The Yoga of Morning Practices April 2023
I recently started doing some new morning practices. I have a habit of collecting habits. I don't always know what drives me to do this, but I have a new theory that habits carry us through times when we'd otherwise be overwhelmed. Historically it has always been easy to be overwhelmed, simply by needing to have a job and showing up responsibly to it day after day, and with integrity, ready or not when on so many of the days you are without opportunities to [pleasant preferred activities go here], but lately they've made maintaining equanimity, optimism and cheerfulness even more challenging what with a three year Global Pandemic Lock down; an insane right-wing clown President threatening to return to unseat the in equally unhelpful establishment-beholden current President; the victory of a global elite of one percent of the top one percent to cause the will of the mass of humanity and logic itself to be defied on a daily basis by opposing the most basic public policy positions through distraction, disinformation, distortion, confusion, and polarization by its communications apparatus and corporate/governmental "partnership" (a euphemism for "fascism") including censorship of unauthorized opinions which contradict the interests of the wealthiest, justified by deranged resentment of the insane clown President. Do we want publicly funded health care, or the freedom to go bankrupt when faced with a major surgery or illness? Do we want gun laws that prevent mass shootings? Do we mind if we spend $100 billion (in a time of social austerity) in an uncontrolled experiment to "overextend and weaken" nuclear armed adversaries without provoking World War III through an accident or via unexpected escalation? These are not hard questions, and a clear majority of respondents in the most recent polls prefer the path of sanity and well being, but Democracy is so busted that even the clear preferences of the mass of humanity that responds to polling data matters little to the decision making process.

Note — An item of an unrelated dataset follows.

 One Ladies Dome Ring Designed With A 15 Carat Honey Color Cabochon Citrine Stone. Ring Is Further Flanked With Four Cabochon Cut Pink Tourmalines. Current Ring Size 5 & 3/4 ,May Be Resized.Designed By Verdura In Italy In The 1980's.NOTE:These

This is to say nothing of the fact that we are in a moment that armies are shelling near the Largest Nuclear Power Plant in Europe at this very moment, forcing its cooling system to be powered by emergency diesel generators so it doesn't cause the worst nuclear accident of all time. What could possibly go wrong? And what's more, the emergence of Artificial Intelligence has become so rapid and the consequences so unpredictable that leading voices in the Tech world including the President of the Bulletin of the Atomic Scientists, Apple Computers co-founder, and the Chat GPG CEO have all become so terrified by the unimaginable implications of its emergence that they have jointly called for a minimum 6-month moratorium in "training" AI systems. You can only imagine how horrifically close the machines are to developing a superior sentience that intends to wrest control from the foolish humans that has so frozen their rush to riches in its tracks. And not to just pile on but to include important points that might otherwise be crowded out, may I simply state that the World Economy seems by all accounts to be on the edge of a collapse that will impoverish billions of additional people and the consumption of fossil fuels and floods, droughts, storms and global temperature extremes are rapidly amplifying. I'm not trying to be a Downer, I'm just a guy with a lifetime habit of facing (and now periodically doom-scrolling) unpleasant facts. My nervous system finds it harder to be unaware of them and know they are out there, than to push them out of mind entirely.

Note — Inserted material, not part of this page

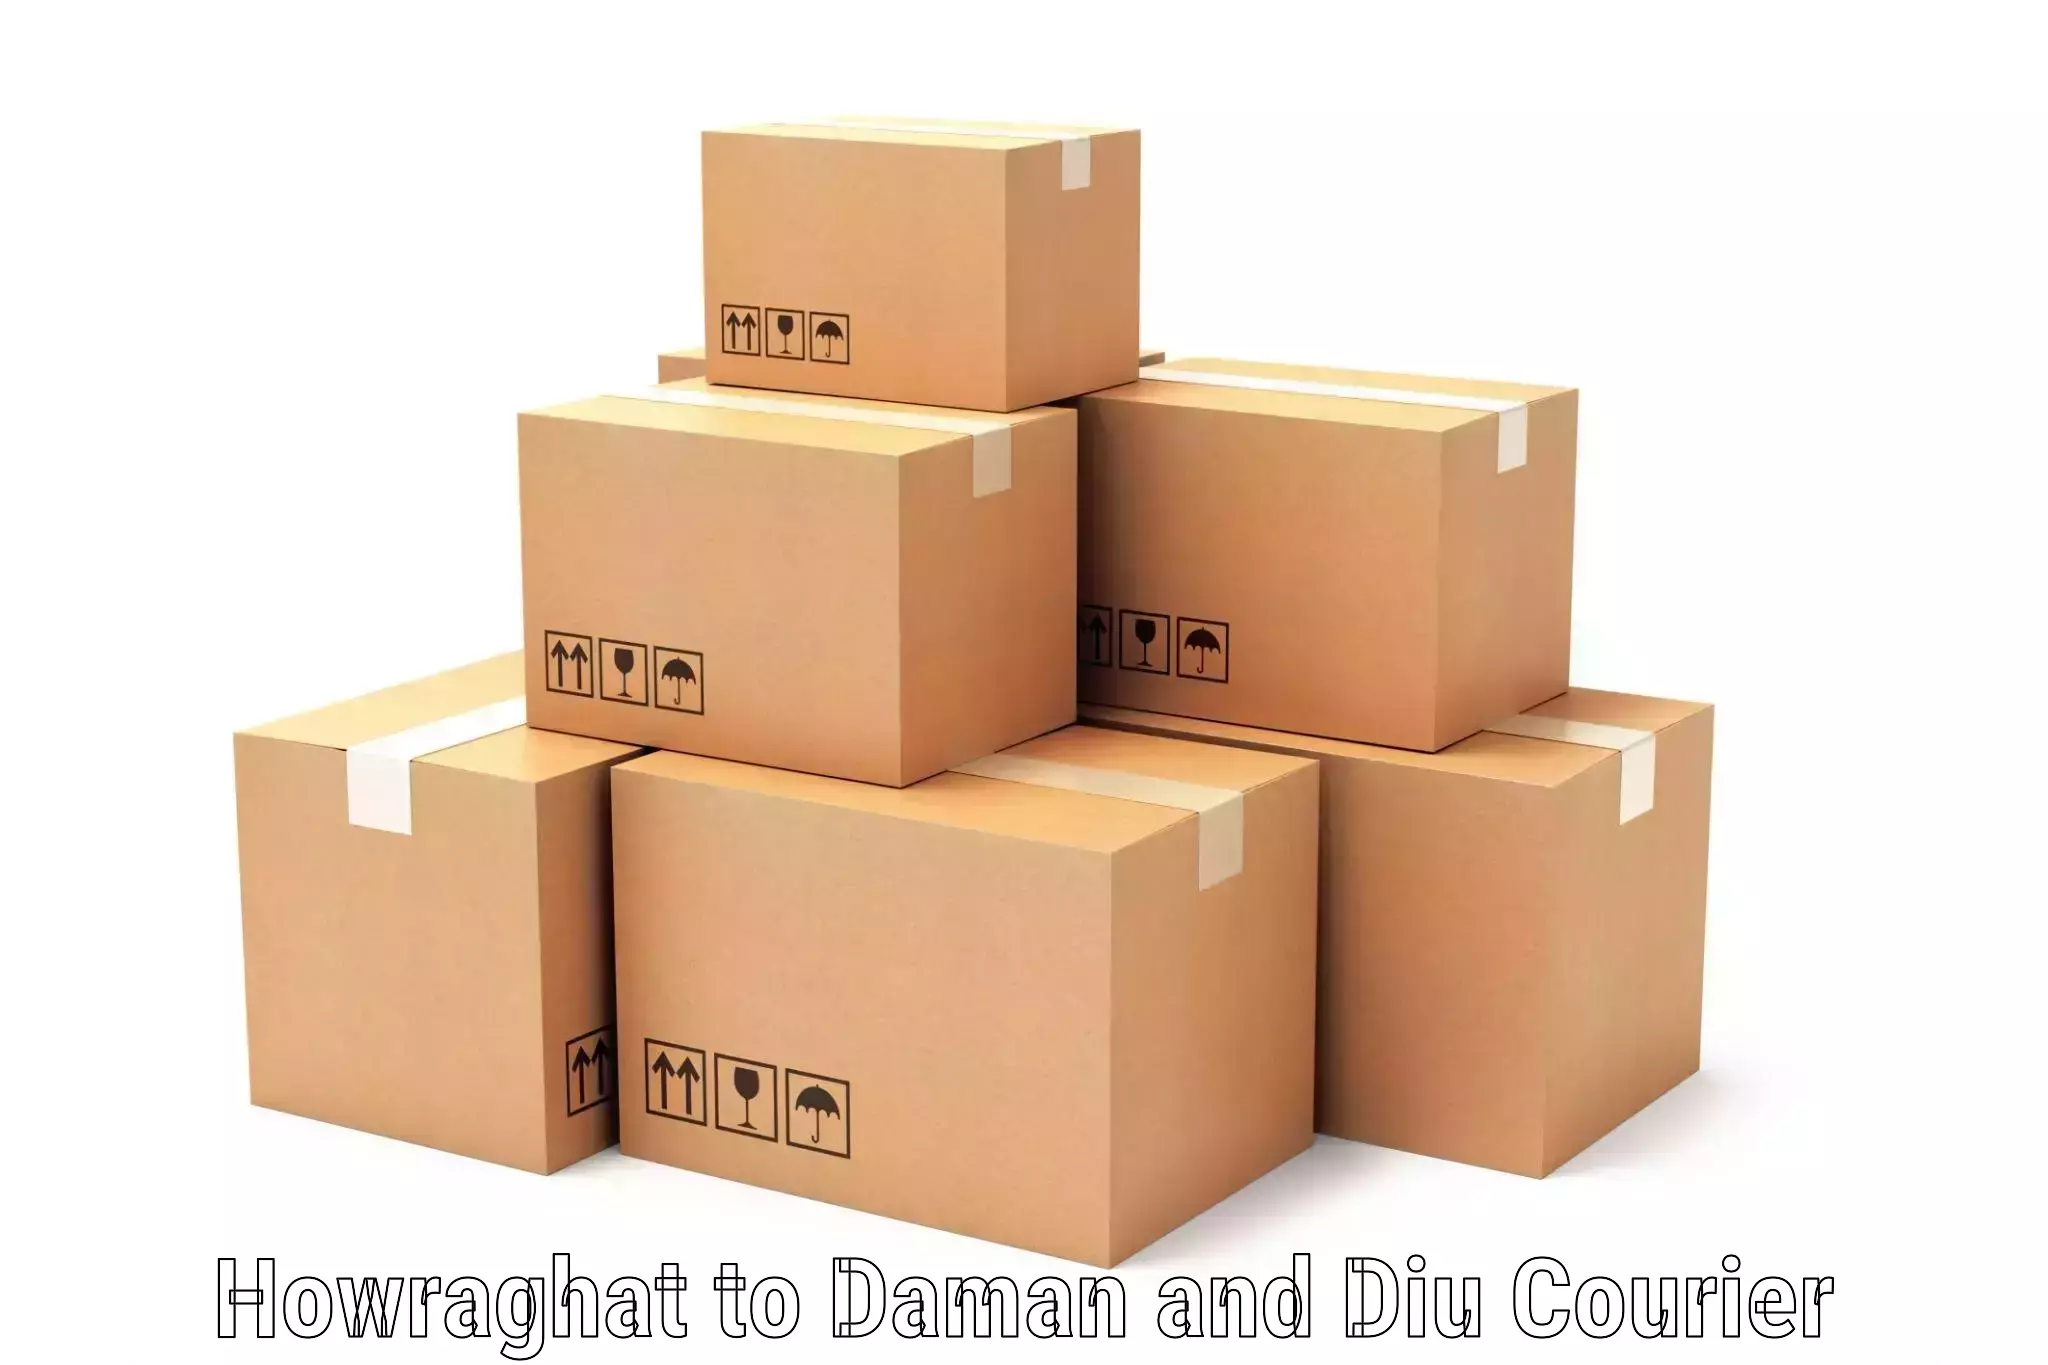 Courier rate comparison Howraghat to Diu

So anyhoo, as I say, I started doing some new morning practices, partially in response to the pressures of living in a moment of history where reliance on the usual societal stabilizing forces: the intellectual voices of authors and universities, the calming influences of history and tradition, and the implicit values of the market economy and education that suggest that circumstances in our world are comprehensible through analysis and our lives are controllable through forging goals and making systematic disciplined efforts to achieve them-- all these pillars of support now seem insufficient to meet the present moment.

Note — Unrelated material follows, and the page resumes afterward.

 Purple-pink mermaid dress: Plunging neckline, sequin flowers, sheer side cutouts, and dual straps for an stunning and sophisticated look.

And personally, I'm getting older, closer to the end than to my beginning most certainly. I note the ways that time has distorted my once-youthful features. For the longest time, people were surprised to learn my real age because I appeared to be ten years younger (or something). No longer. In the mirror, my hair is grey and thinner than it was when they did that. My face puffier, the corners of my mouth cruelly sag in a resting frown. I remember a time when I was a young guy and it was my time. It was like being a dinosaur in the age of the dinosaurs. And like those dinosaurs, I remained fully unaware, and uninterested in what an advantage it was to be young, even less so being handsome, which pictures tell me I was. I didn't get the memo I was in, and I it was only through inference that I learned I was out. It isn't always a meteor. that lets you know. Clues can trickle in. At one point it was common for me to being mistaken by my young students in a moment of absent-mindnedness as "Daddy" and even "Mommy" before they would catch their own mistakes and laugh. Now it is not unknown for me to be called "Grandpa" in the classroom and "Sir" in the grocery store. Clearly there is not much time left to waste.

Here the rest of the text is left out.